# Task goal
Your job is to set down the stretch of entries that opens with the line containing "Nike Baby (12–24M)" and closes with the line containing "Weihnachtsgeschenk für Heimwerker". Keep both end lines, copy each exactly, and add nothing.

*** Opening of The data ***

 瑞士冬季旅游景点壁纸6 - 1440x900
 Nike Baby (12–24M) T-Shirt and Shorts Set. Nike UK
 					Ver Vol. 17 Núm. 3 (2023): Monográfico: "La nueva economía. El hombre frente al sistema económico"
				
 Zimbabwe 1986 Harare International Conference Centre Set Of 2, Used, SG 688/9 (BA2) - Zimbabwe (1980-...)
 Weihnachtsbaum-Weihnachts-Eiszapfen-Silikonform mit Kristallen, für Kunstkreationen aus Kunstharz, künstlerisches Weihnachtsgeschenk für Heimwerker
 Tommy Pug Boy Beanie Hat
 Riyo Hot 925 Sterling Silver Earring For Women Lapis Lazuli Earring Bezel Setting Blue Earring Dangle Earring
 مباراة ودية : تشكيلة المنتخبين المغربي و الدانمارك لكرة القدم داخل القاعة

*** Close of The data ***

# Finished exercise
 Nike Baby (12–24M) T-Shirt and Shorts Set. Nike UK
 					Ver Vol. 17 Núm. 3 (2023): Monográfico: "La nueva economía. El hombre frente al sistema económico"
				
 Zimbabwe 1986 Harare International Conference Centre Set Of 2, Used, SG 688/9 (BA2) - Zimbabwe (1980-...)
 Weihnachtsbaum-Weihnachts-Eiszapfen-Silikonform mit Kristallen, für Kunstkreationen aus Kunstharz, künstlerisches Weihnachtsgeschenk für Heimwerker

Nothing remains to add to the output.